One or two fugitives were brought into Holbeach later; five were arrested at Stourbridge, Sir Everard Digby at Dudley. Bates succeeded in making good his escape with the bag, and reached Wolverhampton in the night. His wife Martha, who lived at Ashby, hearing a false rumour of his capture and imprisonment in Shrewsbury Gaol, went to see him, and both stayed for the night in the same inn at Wolverhampton, neither of them knowing the nearness of the other. Bates, finding himself unable to reach Lapworth, and with no hope of escaping finally, delivered the bag of money to a friend to convey to Martha, and departed, not wishing to endanger his friend.

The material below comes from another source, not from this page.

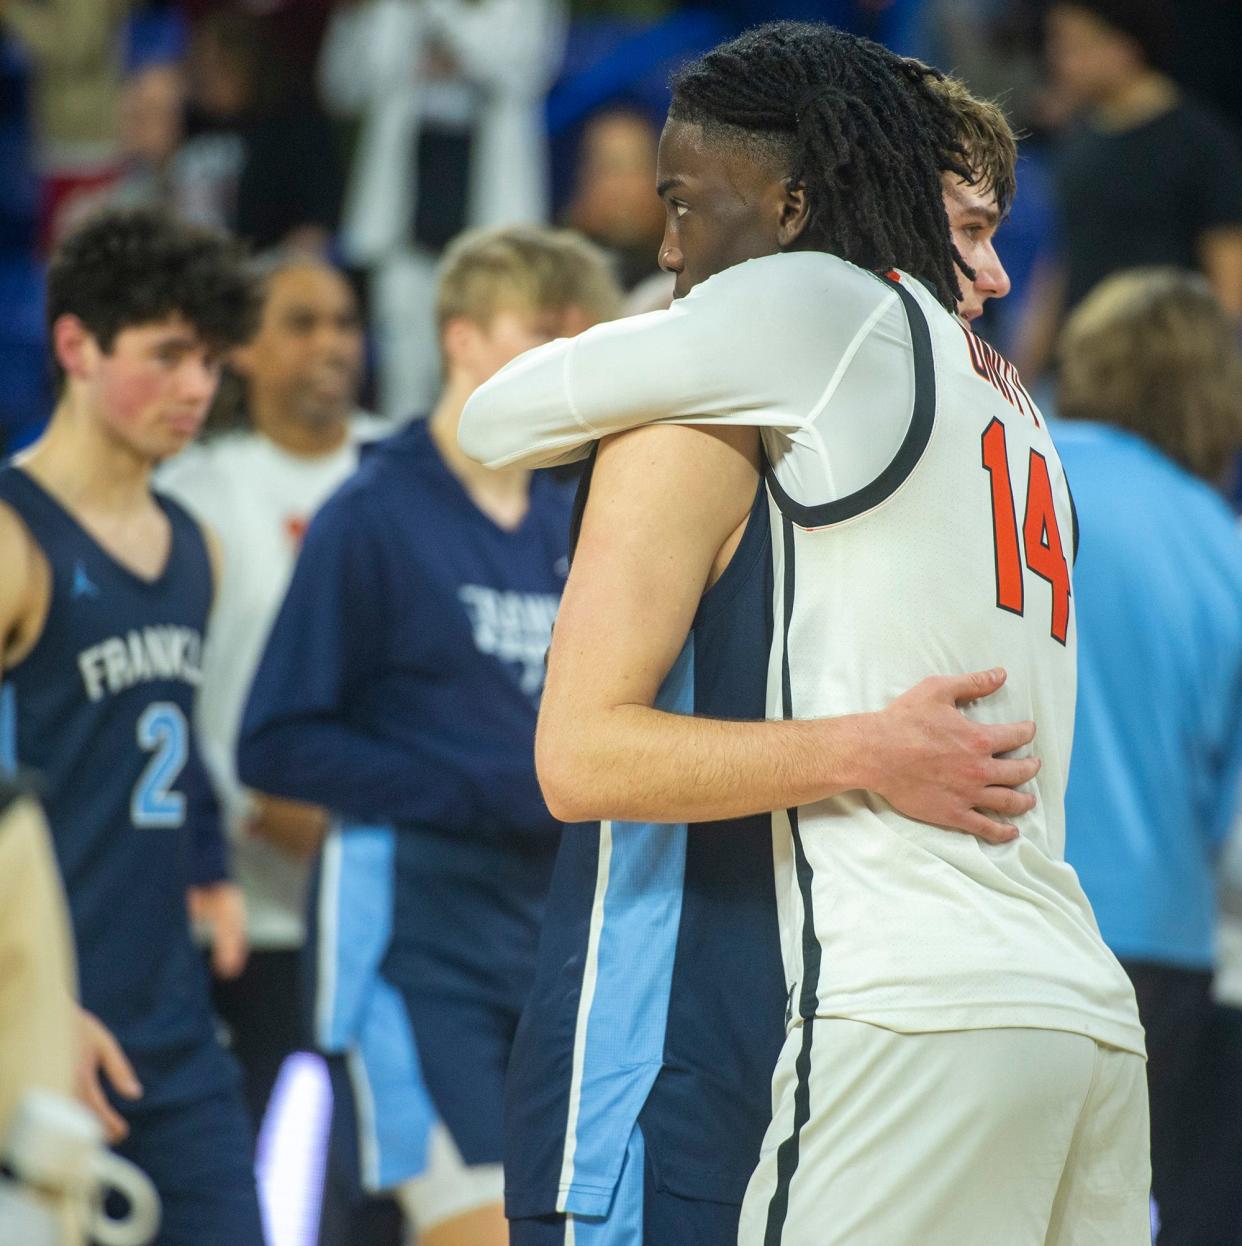 Worcester North senior Teshuan Steele, right, embraces Franklin High School senior captain Sean O'Leary after Franklin was defeated 59-53 in the Div. 1 state boys basketball final at the Tsongas Center in Lowell, March 17, 2024.

He then went to Oldfield, in Shropshire, to the house of his cousin, Richard Bates, by whom having been betrayed, he was apprehended, and brought to London. By his confession on his examination, Garnet and Greenway were implicated, though Bates tried his best to prove them innocent.

Sir Richard Walsh conveyed his prisoners to Worcester, where he occupied himself in taking their examinations, and sending the information obtained to the Lords of the Council. Sir Richard Verney was sent to scour the country on the recent track of the fugitives, and to arrest the relatives and servants of every one of them. John Winter, Gertrude Winter at Huddington, Ludovic Grant at Dudley, Dorothy Grant at Norbrook, and at Lapworth John Wright’s wife Dorothy, and Christopher’s wife Margaret; Ambrose Rookwood’s wife, and her sister; and Thomas Rookwood of Claxton, at Bidford, were all gradually added to the group. Mrs Dorothy Grant, whether from fright or loquacity, proved very candid in answering questions, and from her they learned that the missing Martha Percy was “not far off.” Sir Richard Verney, however, found it no easy matter to keep his prisoners when he had got them. Twice his house was set on fire, evidently by design; but he held stoutly to the lively ladies in his care, and delivered them all safely in London in due time.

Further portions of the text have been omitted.